Lately there have been quite a few interesting discussions related to scaling graph databases. Alex Averbuch is working on a sharding Neo4j thesis and his recent post presents some of the possible solutions. Alex’s article is a very good starting point for anyone interesting in scaling graph databases.
Then there is also this article on InfoGrid‘s blog that is presenting a different web-like solution based on a custom protocol: XPRISO: eXtensible Protocol for the Replication, Integration and Synchronization of distributed Objects. While I haven’t had the chance to dig deeper into InfoGrid suggested approach there was one thing that caught my attention right away: while the association with web-scale is definitely an interesting idea, having specific knowledge of the nodes location and having to use custom API for it doesn’t seem to be the best solution. Basically the web addressed this by having URIs for each reachable resource (InfoGrid should try a similar idea, get rid of the different API for accessing local vs remote nodes, etc.)

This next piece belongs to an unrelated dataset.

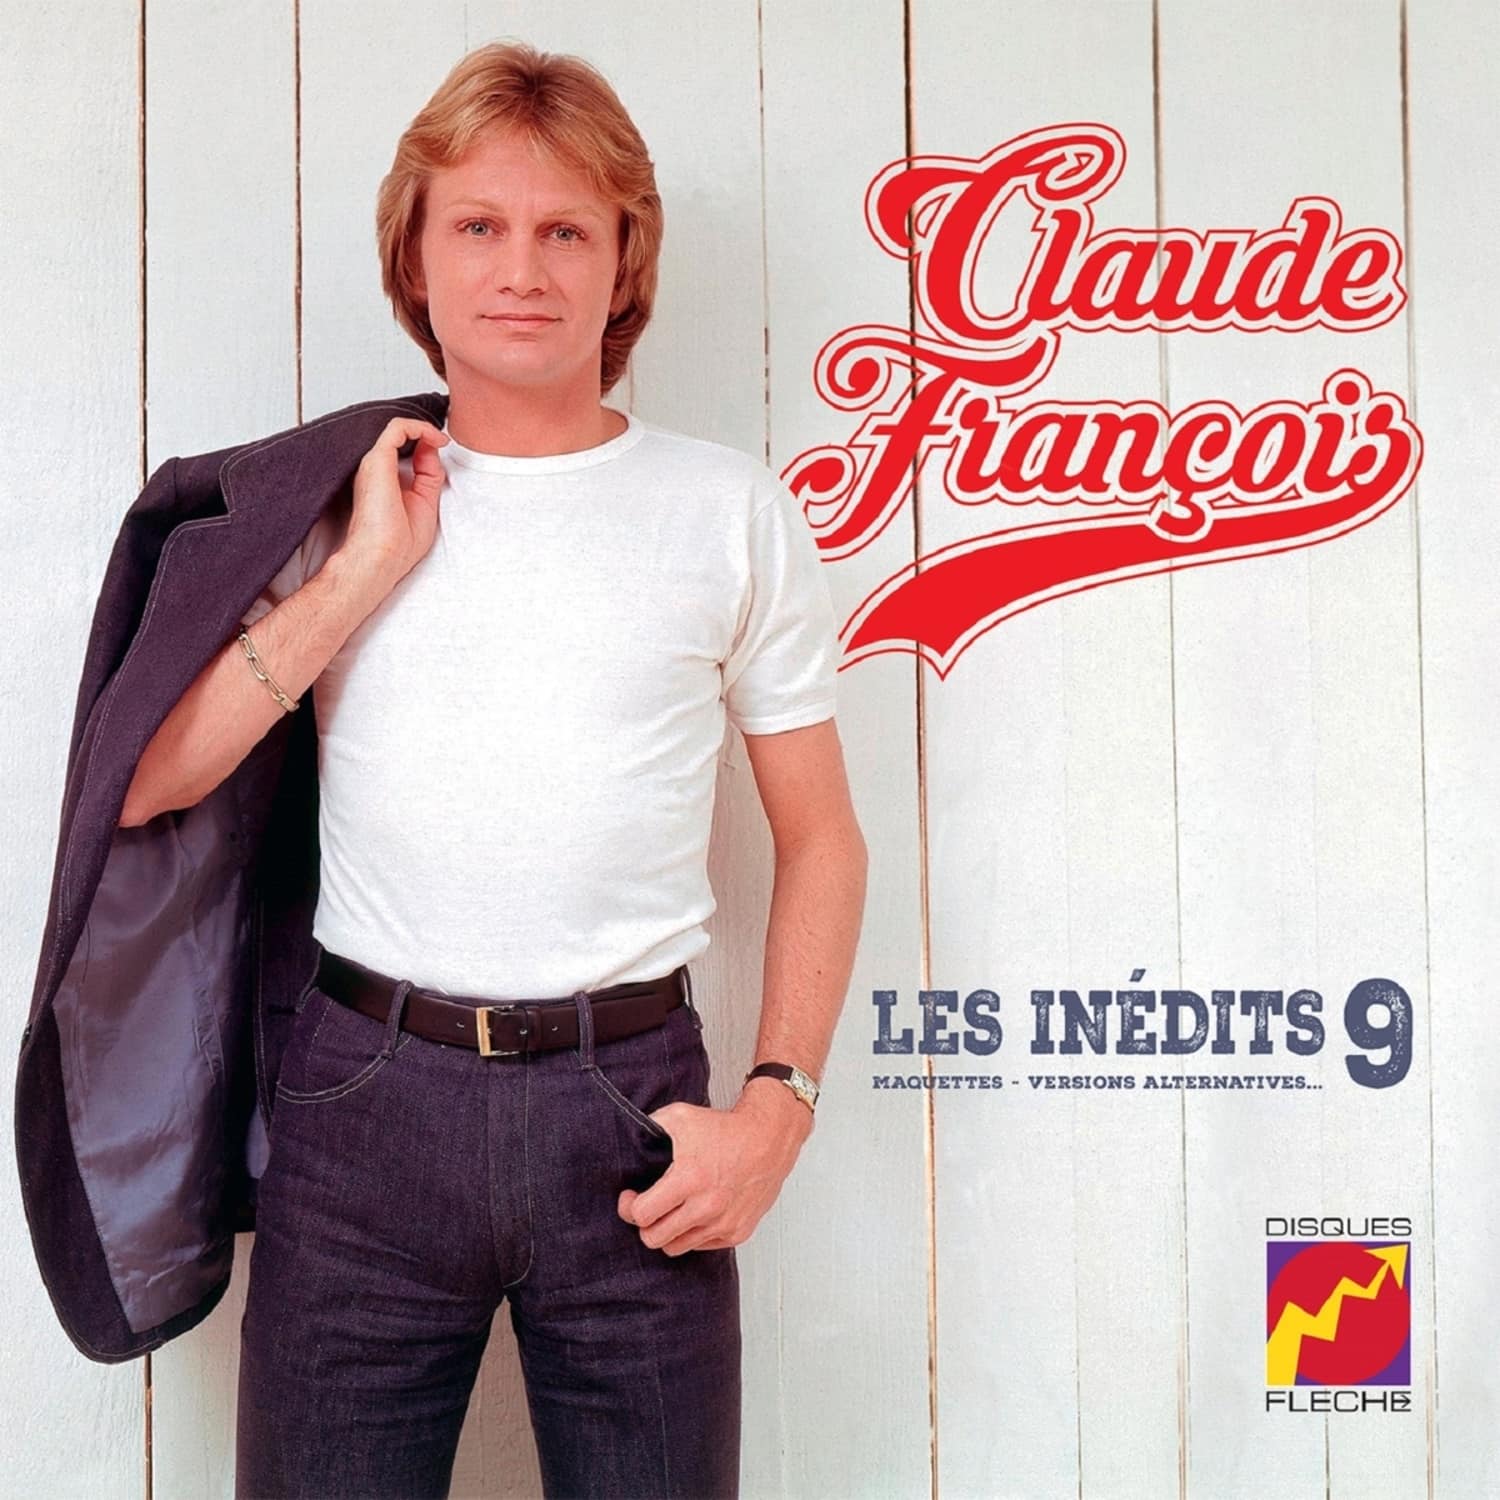 Claude Francois - LES INEDITS 9

Update: make sure you check the comment thread for more details about InfoGrid perspective on scaling graph databases.
Oren Eini concludes in his post:
After spending some time thinking about it, I came to the conclusion that I can’t envision any general way to solve the problem. Oh, I can think of several ways of reduce the problem:
- Batching cross machine queries so we only perform them at the close of each breadth first step.
- Storing multiple levels of associations (So “users/ayende” would store its relations but also “users/ayende”’s relation and “users/arik”’s relations).
While I haven’t had enough time to think about this topic, my gut feeling is that possible solutions are to be found in the space of a combination of using unique identifiers for distributed nodes and a mapreduce-like approach. I cannot stop wondering if this is not what Google’s Pregel is doing (nb I should have read the paper (pdf) firstly).